# How to grow multifloral paph? Need help.



## PaphGuy (Sep 20, 2022)

Hi all, I have been a member of Slippertalk for 14 years, but never really participate.
I need help with multifloral paph. I have grown a very small numbers of them, so far, I have never lost one. I keep in the dry side.
However, I happened to watch Norman Fang podcast regarding multifloral paphs. He said if we are not sure whether to water them or not, we should just water them.
From your experiences, should multifloral paphs be kept at more moist side or dry side? Really appreciate any respond.

PaphGuy!


----------



## Linus_Cello (Sep 20, 2022)

If it's warm, moist; if cold, dry.


----------



## emydura (Sep 21, 2022)

I watched that Norman Fang video too. 

The advice that you generally hear in relation to watering is, if in doubt don't water. All the warnings are about the dangers of too much watering. I was petrified to turn the tap on. The result was for the first 10 years, I grossly under-watered my Paphs. I agree with Norman. If in doubt, water. Multi-florals in particular love water. I think your plants will do best when you start getting green moss growing over the top of your mix. Your mix needs to be kept quite moist for that to happen and not dry out too much. To get multi-florals with high flower counts, you need big leaves and to get big leaves your plants need a lot of water. Just make sure you repot regularly so the potting mix doesn't break down, otherwise you will rot the roots.


----------



## Ozpaph (Sep 21, 2022)

and fertilize. Per Ray, I aim for 100ppm Nitrogen.


----------



## Ray (Sep 21, 2022)

I have concluded that “grow on the dry side” is yet another residual byproduct of the fallacious “orchids must dry out between waterings”. One apparent important factor is airiness, or if you prefer, the air/water ratio (AWR). Another is exposure duration, which may work counter to that ratio.
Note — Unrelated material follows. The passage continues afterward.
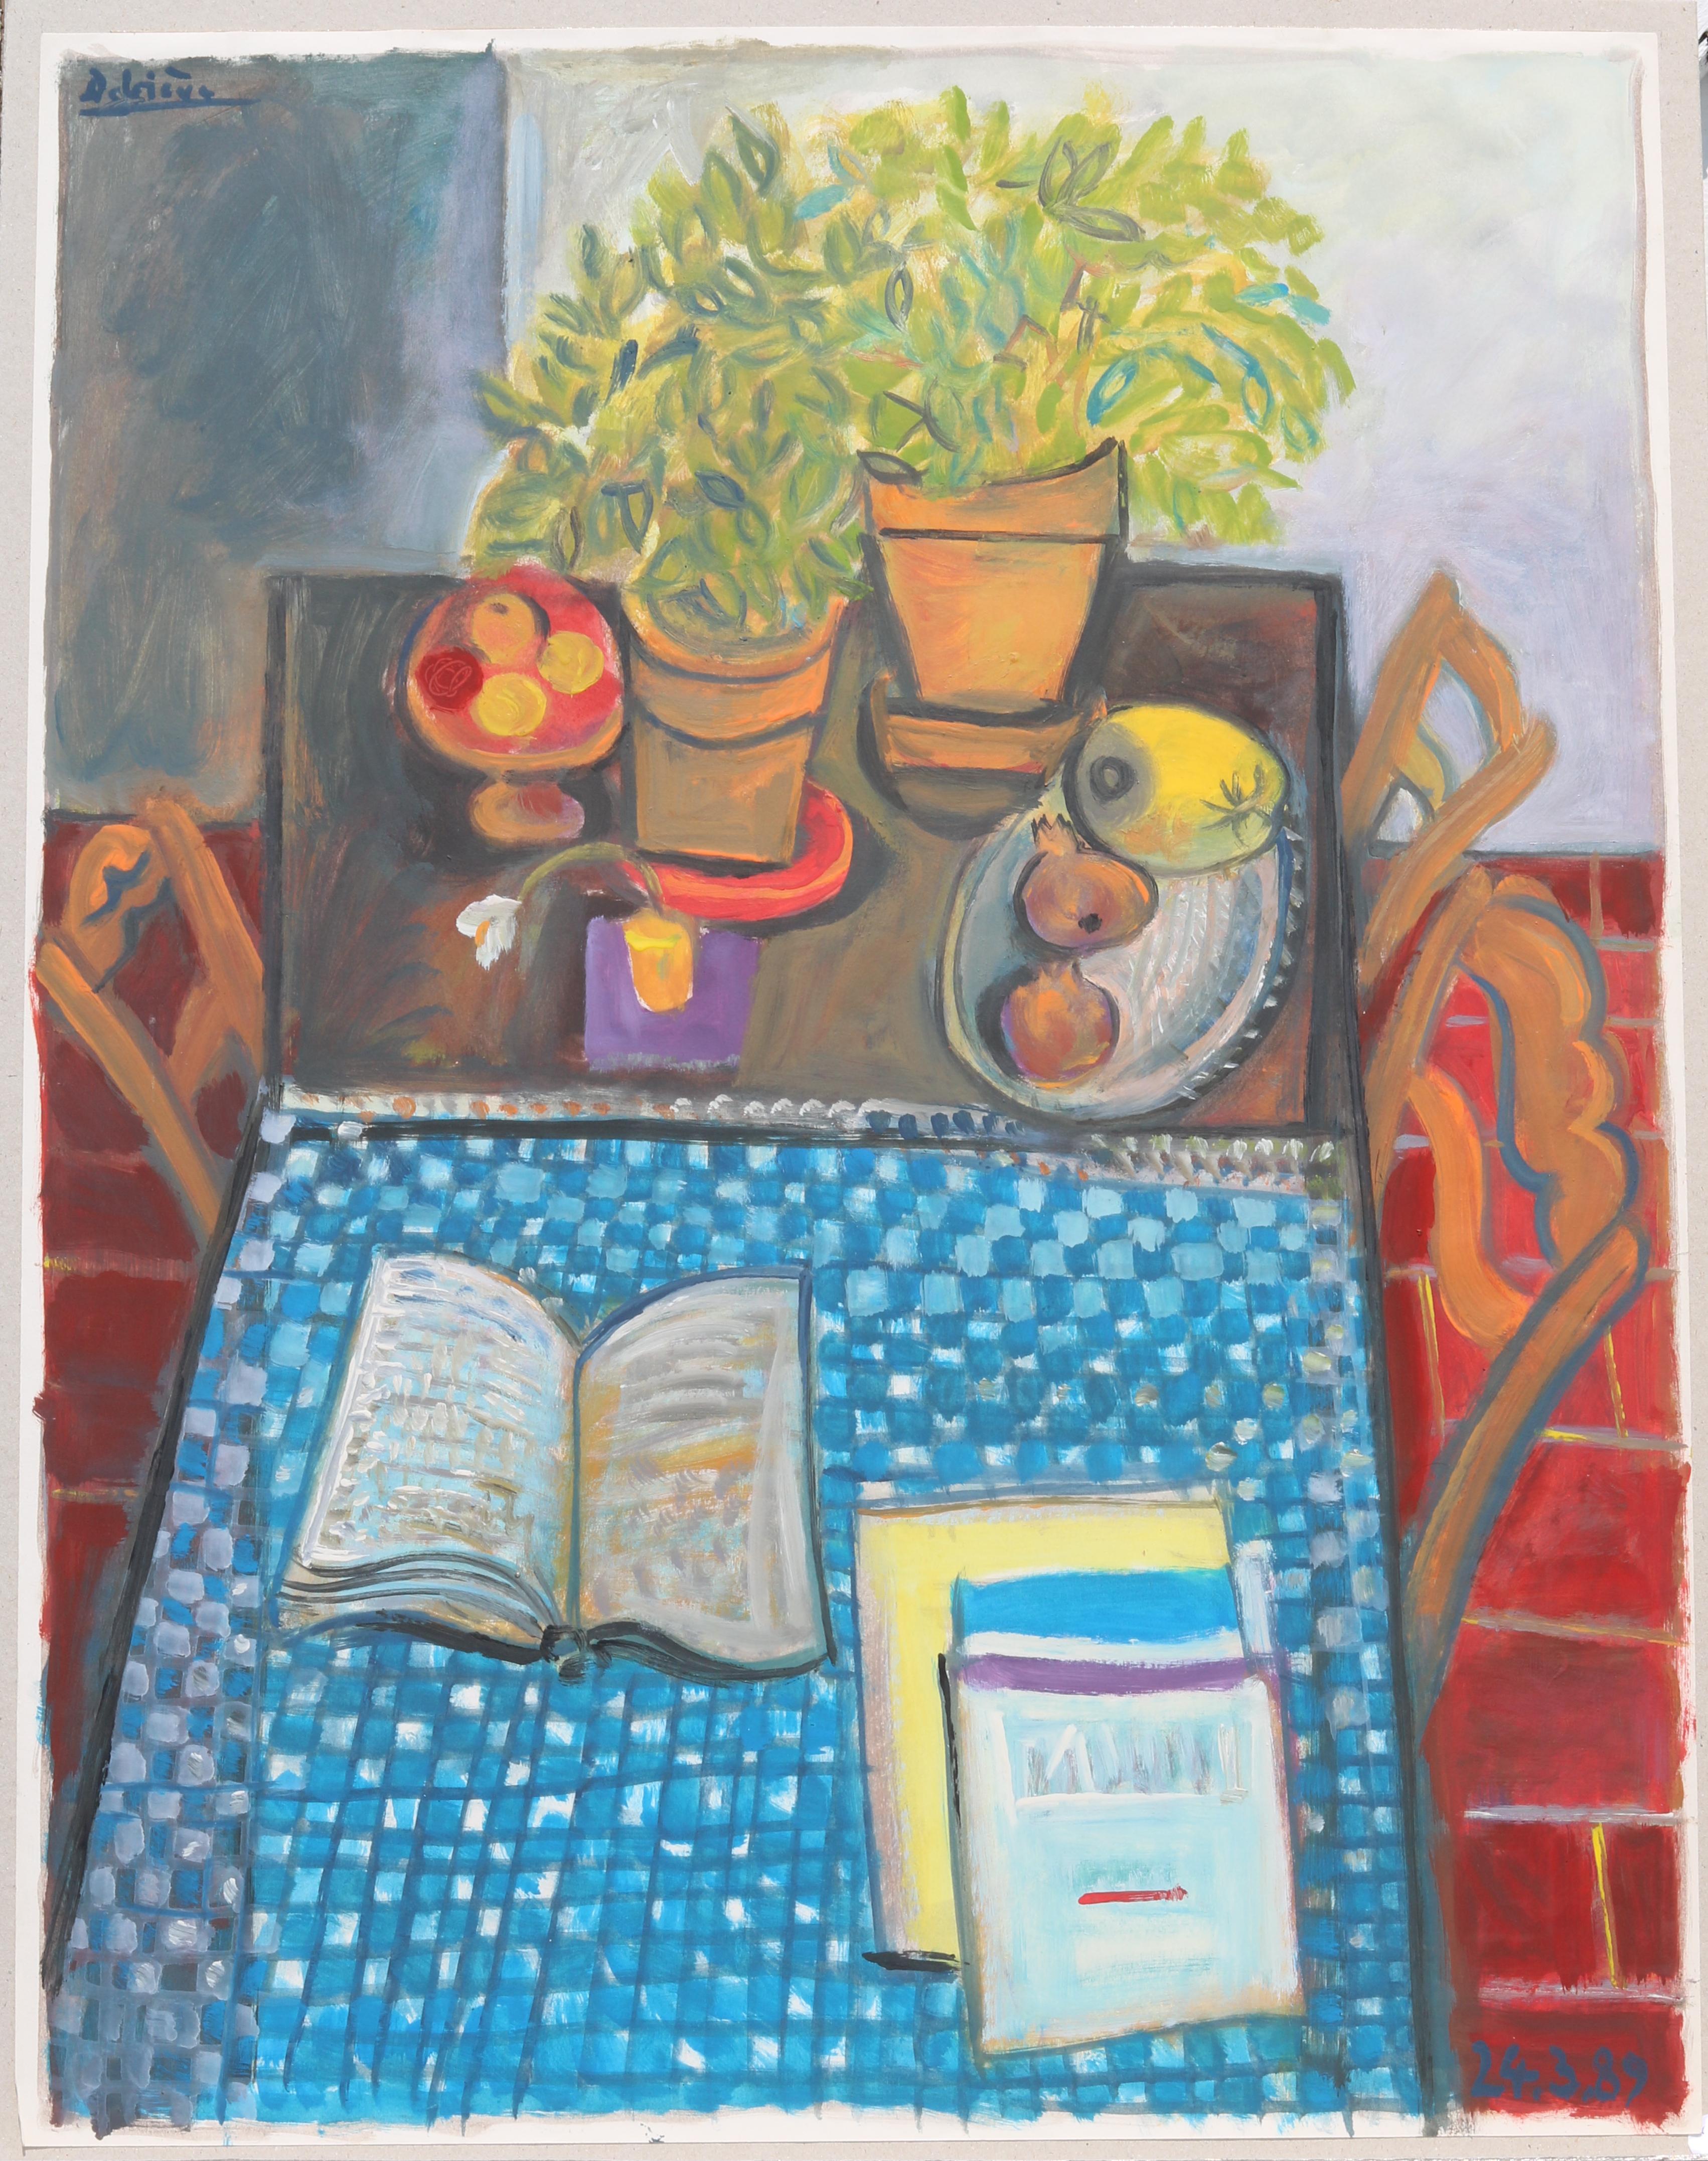 Fruits and books on a plaid tablecloth, unique piece, oil paint on paper, 1989 3

A vanda in an open basket has an infinite air supply, so needs a LOT of water to compensate. Also, since there is no medium to hold water for future uptake, the exposure duration (and volume held) is only that caught by the velamen during watering (and that has an impact of feeding, too).
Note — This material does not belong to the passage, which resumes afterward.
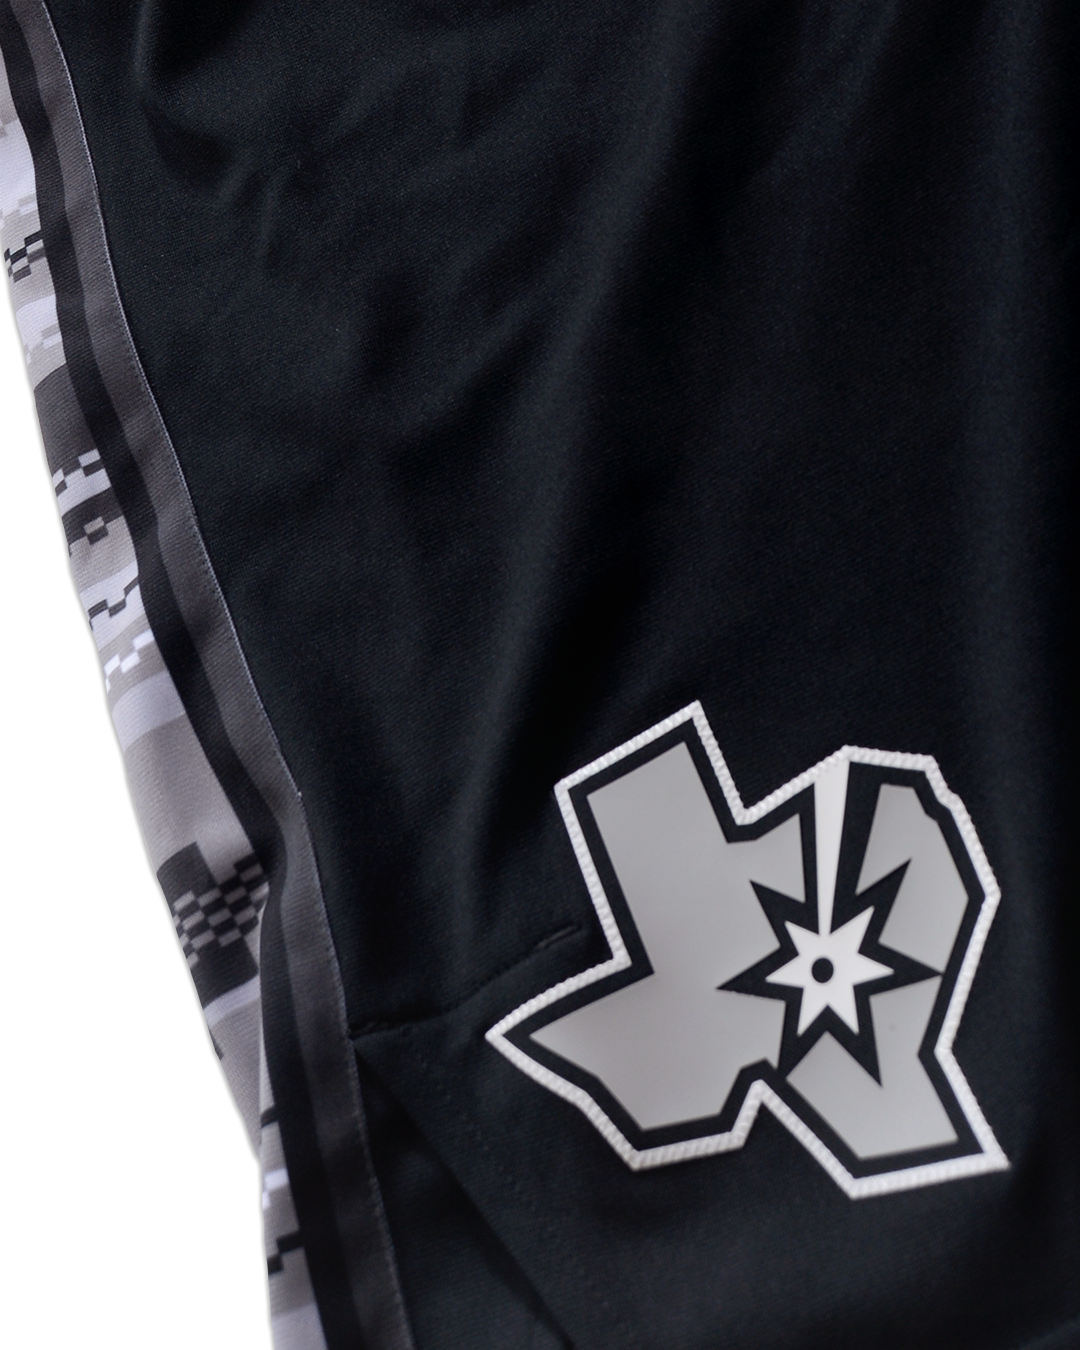 Spurs unveil new Statement Edition Jersey honoring team's Texas history -  Pounding The Rock

Paphs, on the other hand, tend to grow with their roots spread widely in that soil/leaf litter interface on the forest floor. The amount of moisture held there tends to be limited - still airy but a lower air/water ratio than that of a vanda - and the moisture level is relatively constant, after a rainfall trickles away.

That said, while every plant has its own ideal AWR, they all have some flexibility in it, once the roots have grown to function optimally with a different one.

The bottom line is that water is the true driving force for growth. An infrequent contributor here, Naoki Takebayashi, a professor at U of Alaska, Anchorage, once sent me the calculations of the chemical processes that fix carbon in plants - that is, growth. In order for a plant to add one pound of mass (and that’s a long time with most orchids), it must absorb and process about 200 pounds of water, but only about 5 grams of NPK fertilizer. Then if we add transpiration losses to that, which has been estimated to be 95+% of the water absorbed, that would mean that a plant must absorb about *5 tons* of water to gain that pound. I don’t know how well that transpiration percentage applies to paphs or orchids in general, but it is bound to be a significant multiplier, no matter what. Then let’s add to that the amount of water that just pours through our pots!

Use an airy medium and pour it on!


----------



## Mafate (Sep 21, 2022)

Ozpaph said:


> and fertilize. Per Ray, I aim for 100ppm Nitrogen.


Hi, what do you mean when you say "Per Ray"? Sorry, I am French and my English is not that good...


----------



## southernbelle (Sep 21, 2022)

Mafate said:


> Hi, what do you mean when you say "Per Ray"? Sorry, I am French and my English is not that good...


Ray Barkalow “Ray” who posted above. His website First Rays has a lot of excellent info.


----------



## Ozpaph (Sep 23, 2022)

Go to Ray's website; sound advice


----------